Encoding, decoding, and regressing are all useful tasks, but what we really want to do here is generate new ideas rather than relying on existing molecules. Here’s a simple walkthrough for how to generate molecules that are “nearby” a reference point in chemical space. We’ve also illustrated another, more complex method that uses COATI to “navigate” an SAR surface using a metadynamics-inspired optimization approach – you can check that out here! For now, though, let’s keep it simple.

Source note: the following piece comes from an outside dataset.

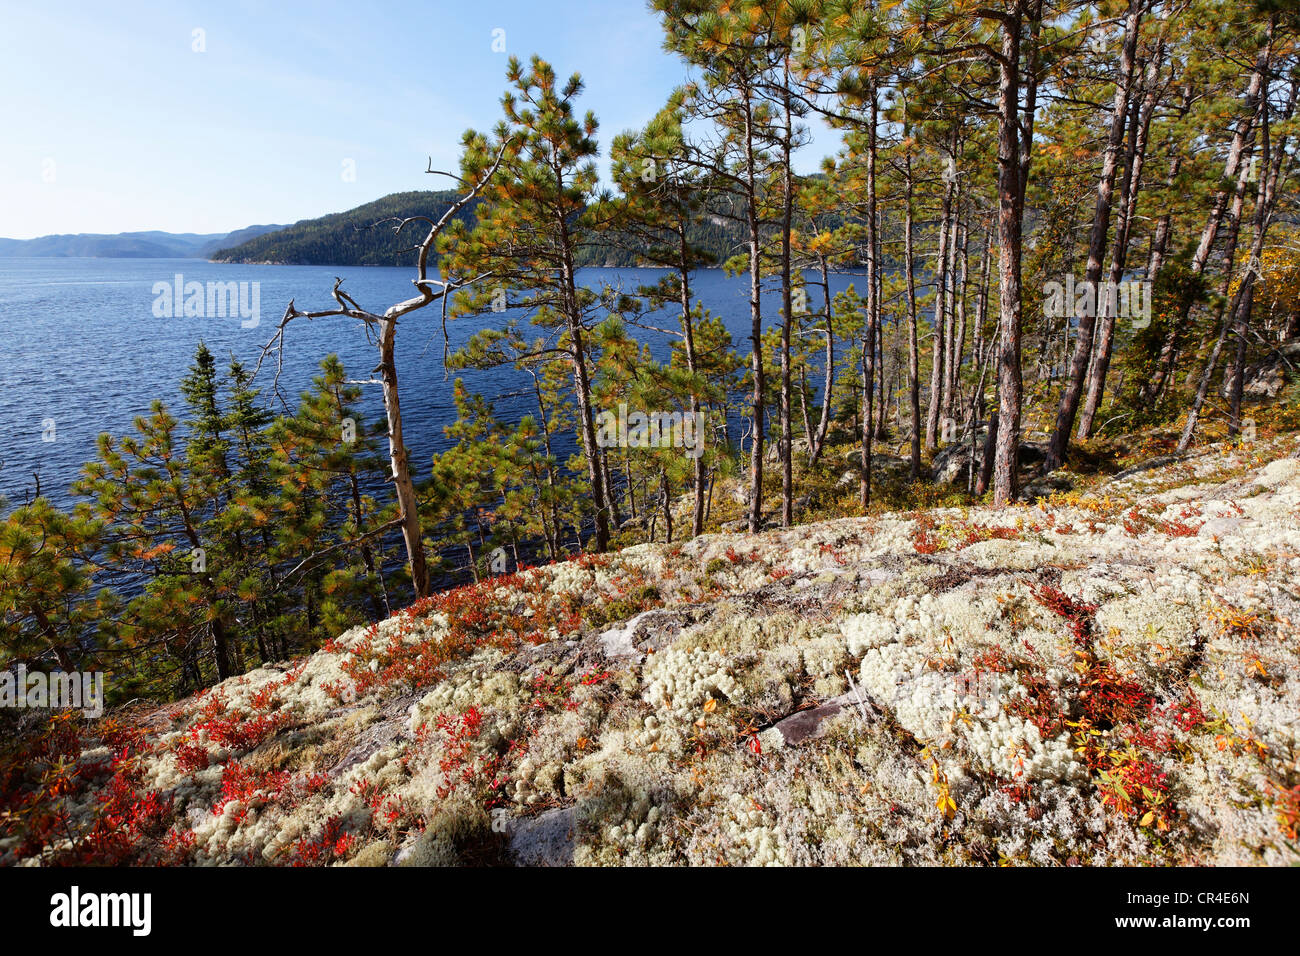 Forest with Red pine or Norway pine (Pinus resinosa), St. Catherine Bay, Quebec, Canada Stock Photo
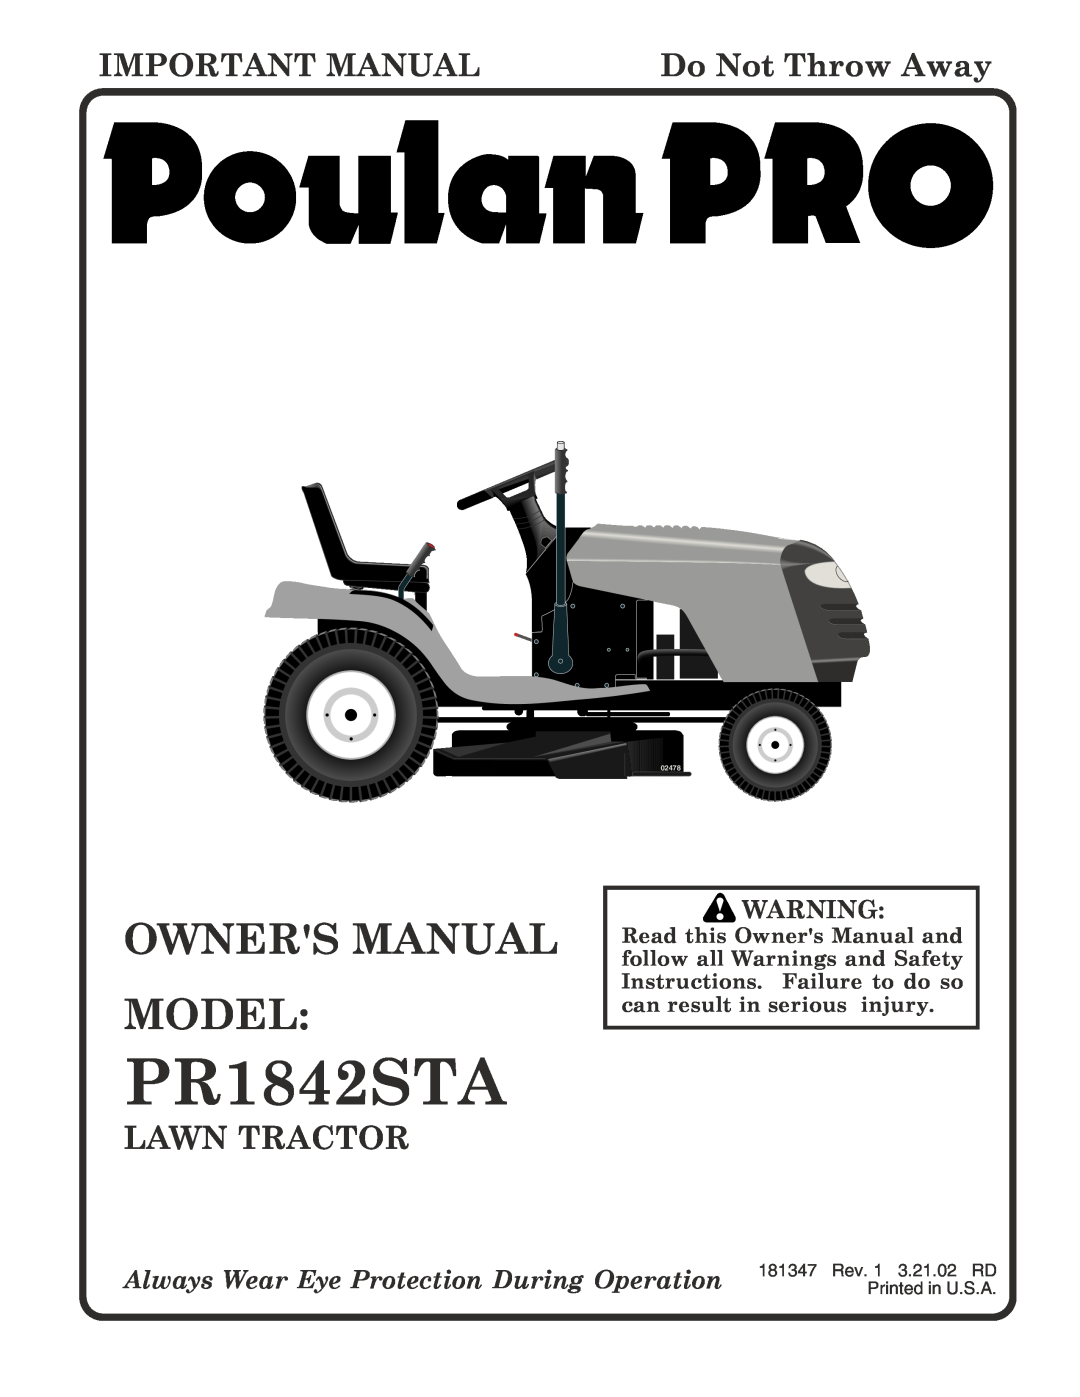 Poulan PR1842STA owner manual Important Manual, Do Not Throw Away, Lawn Tractor, 02478

We take our input encoding that we made earlier, and simply add normally distributed noise to it - this “fuzzes” the vector, moving it somewhere else in chemical space. However, we don’t move too far away, and the chemical space manifold learned by COATI decodes to molecules that are closely related to the input:

num_attempts = 30
# noise is added as an isotropic Gaussian with std=noise_scale.
nearby_smiles = encoder.hclip_to_2d_batch(
    h_clip=vector.unsqueeze(0).repeat(num_attempts, 1),
    tokenizer=tokenizer,
    noise_scale=0.2,
)
unique_valid_smiles = set([smi for smi in nearby_smiles if Chem.MolFromSmiles(smi)])

Generative samples around the vector encoding for olutasidenib, with noise_scale = 0.2.

We can adjust this noise threshold to get molecules that are “farther away” from the input - you’ll also note that we get more unique results. Set noise_scale equal to 0.4, and you get the molecules below. Note that output SMILES strings are not guaranteed to be valid - they typically are, but as you ramp up the noise it’s likelier that you produce something that doesn’t decode to a valid SMILES.

Generative samples around the vector encoding for olutasidenib, with noise_scale = 0.4. See additional diversity and more extreme changes here.

If you want to learn more about how to use the metadynamics-inspired optimization in practice, check out the examples on our GitHub! We provide an example for using it on a trained regressor that predicts binding to carbonic anhydrase - the optimization “navigates” the response surface defined by the regressor (which is, in turn, defined by our experimental observations) to produce the COATI vectors of molecules that are likely to bind.

The Future

We’re excited to release our COATI into the wild, and to see what the community will be able to use it for. We hope that this tutorial will help interested users get started! We’re actively working on improving these models with better encoders and more data, and using them to progress molecules towards the clinic.